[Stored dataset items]

•••••

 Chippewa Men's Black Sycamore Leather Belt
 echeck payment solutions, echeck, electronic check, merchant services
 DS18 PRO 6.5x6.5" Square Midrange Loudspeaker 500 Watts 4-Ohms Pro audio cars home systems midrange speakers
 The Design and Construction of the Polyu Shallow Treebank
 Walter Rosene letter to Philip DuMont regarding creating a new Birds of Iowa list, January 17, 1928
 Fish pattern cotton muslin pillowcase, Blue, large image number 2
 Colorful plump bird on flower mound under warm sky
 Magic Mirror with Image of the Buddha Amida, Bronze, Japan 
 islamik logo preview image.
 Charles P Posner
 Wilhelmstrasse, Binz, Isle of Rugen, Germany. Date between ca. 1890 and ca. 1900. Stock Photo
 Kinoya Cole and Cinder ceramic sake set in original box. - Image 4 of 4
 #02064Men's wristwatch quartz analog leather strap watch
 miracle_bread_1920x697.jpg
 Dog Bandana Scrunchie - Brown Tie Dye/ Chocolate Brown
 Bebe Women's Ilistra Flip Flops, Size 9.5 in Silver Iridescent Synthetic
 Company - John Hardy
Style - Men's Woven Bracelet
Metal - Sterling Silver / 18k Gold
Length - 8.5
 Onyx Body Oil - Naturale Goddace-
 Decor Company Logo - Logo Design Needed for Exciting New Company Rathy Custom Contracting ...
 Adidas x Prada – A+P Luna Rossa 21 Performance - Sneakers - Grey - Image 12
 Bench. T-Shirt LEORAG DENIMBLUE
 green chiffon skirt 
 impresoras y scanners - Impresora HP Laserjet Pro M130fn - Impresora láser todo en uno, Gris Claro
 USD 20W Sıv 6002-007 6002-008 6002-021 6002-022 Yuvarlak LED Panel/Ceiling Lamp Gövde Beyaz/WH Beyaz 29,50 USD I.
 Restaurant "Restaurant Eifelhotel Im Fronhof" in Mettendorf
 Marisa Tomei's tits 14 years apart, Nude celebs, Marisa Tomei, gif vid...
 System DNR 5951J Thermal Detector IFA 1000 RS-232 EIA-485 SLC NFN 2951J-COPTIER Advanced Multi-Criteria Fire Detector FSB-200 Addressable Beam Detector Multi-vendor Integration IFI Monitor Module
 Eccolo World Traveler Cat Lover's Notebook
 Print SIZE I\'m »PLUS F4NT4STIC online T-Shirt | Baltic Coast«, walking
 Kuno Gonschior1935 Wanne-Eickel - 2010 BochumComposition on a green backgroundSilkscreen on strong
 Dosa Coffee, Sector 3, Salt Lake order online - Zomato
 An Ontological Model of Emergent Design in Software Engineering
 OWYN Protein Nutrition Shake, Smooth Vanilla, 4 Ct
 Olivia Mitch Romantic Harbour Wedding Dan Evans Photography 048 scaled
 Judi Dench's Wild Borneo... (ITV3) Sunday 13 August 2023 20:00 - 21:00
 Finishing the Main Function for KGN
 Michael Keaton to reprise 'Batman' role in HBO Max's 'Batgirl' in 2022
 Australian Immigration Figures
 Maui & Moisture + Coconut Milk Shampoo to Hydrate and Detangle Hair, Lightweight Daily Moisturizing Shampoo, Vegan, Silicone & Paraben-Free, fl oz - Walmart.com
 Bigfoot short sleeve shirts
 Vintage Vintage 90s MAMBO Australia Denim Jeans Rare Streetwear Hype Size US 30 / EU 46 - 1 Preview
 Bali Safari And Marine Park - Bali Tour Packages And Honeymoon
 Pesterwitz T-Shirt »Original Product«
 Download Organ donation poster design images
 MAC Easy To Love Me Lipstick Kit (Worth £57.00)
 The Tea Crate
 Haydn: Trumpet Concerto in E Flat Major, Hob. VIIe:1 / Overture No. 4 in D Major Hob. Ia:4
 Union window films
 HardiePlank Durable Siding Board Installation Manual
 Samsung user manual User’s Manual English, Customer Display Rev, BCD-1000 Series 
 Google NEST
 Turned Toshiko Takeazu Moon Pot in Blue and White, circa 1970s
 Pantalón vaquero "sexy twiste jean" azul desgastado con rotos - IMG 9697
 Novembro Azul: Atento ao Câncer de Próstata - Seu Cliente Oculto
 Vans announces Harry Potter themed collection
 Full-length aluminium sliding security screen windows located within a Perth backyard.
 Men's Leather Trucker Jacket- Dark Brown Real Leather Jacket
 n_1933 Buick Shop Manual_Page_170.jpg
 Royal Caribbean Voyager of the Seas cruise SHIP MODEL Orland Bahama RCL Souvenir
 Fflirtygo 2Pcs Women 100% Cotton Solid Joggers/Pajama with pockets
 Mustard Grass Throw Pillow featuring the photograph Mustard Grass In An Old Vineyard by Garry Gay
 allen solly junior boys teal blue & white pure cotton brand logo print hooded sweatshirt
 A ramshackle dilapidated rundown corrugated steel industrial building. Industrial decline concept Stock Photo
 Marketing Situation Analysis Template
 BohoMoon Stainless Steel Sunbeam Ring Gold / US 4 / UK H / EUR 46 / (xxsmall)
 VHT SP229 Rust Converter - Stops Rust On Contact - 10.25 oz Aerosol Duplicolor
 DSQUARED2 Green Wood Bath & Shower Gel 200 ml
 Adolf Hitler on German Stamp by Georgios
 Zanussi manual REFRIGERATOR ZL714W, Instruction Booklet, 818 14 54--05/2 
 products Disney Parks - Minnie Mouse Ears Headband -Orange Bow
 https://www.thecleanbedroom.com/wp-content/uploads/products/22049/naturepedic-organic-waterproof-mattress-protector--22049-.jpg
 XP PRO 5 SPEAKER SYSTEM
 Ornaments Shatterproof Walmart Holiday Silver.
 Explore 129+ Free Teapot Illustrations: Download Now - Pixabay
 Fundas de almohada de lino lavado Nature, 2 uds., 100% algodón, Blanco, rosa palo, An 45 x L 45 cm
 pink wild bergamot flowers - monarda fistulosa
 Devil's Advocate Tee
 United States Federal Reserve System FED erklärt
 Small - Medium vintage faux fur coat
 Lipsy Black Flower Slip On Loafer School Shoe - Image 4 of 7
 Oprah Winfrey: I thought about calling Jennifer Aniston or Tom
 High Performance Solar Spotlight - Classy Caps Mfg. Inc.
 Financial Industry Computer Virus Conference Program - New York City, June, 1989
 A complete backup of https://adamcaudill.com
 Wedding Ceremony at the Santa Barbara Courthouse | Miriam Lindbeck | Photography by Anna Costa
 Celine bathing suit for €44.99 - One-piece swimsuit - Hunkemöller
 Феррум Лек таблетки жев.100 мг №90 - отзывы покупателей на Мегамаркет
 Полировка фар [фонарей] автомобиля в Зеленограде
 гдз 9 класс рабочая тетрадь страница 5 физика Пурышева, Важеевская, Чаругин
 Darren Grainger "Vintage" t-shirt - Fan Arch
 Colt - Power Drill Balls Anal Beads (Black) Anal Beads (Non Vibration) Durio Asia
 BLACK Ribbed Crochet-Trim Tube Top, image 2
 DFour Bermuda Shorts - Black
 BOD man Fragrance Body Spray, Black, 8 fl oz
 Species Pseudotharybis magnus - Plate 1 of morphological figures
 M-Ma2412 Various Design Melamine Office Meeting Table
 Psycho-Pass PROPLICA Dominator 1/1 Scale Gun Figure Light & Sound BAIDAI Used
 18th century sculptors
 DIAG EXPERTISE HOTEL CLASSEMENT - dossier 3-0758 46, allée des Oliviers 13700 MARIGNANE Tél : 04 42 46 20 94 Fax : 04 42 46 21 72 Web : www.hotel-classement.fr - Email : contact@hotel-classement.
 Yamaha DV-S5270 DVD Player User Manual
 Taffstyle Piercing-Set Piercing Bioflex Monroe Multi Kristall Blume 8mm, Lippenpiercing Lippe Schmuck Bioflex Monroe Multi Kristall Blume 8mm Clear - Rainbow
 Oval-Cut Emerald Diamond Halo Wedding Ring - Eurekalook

•••••

** TASK DETAILS **
Check each line above for the string "Performance" and copy every line that has it.

** RESULT FOR THIS EXERCISE **
 Adidas x Prada – A+P Luna Rossa 21 Performance - Sneakers - Grey - Image 12
 High Performance Solar Spotlight - Classy Caps Mfg. Inc.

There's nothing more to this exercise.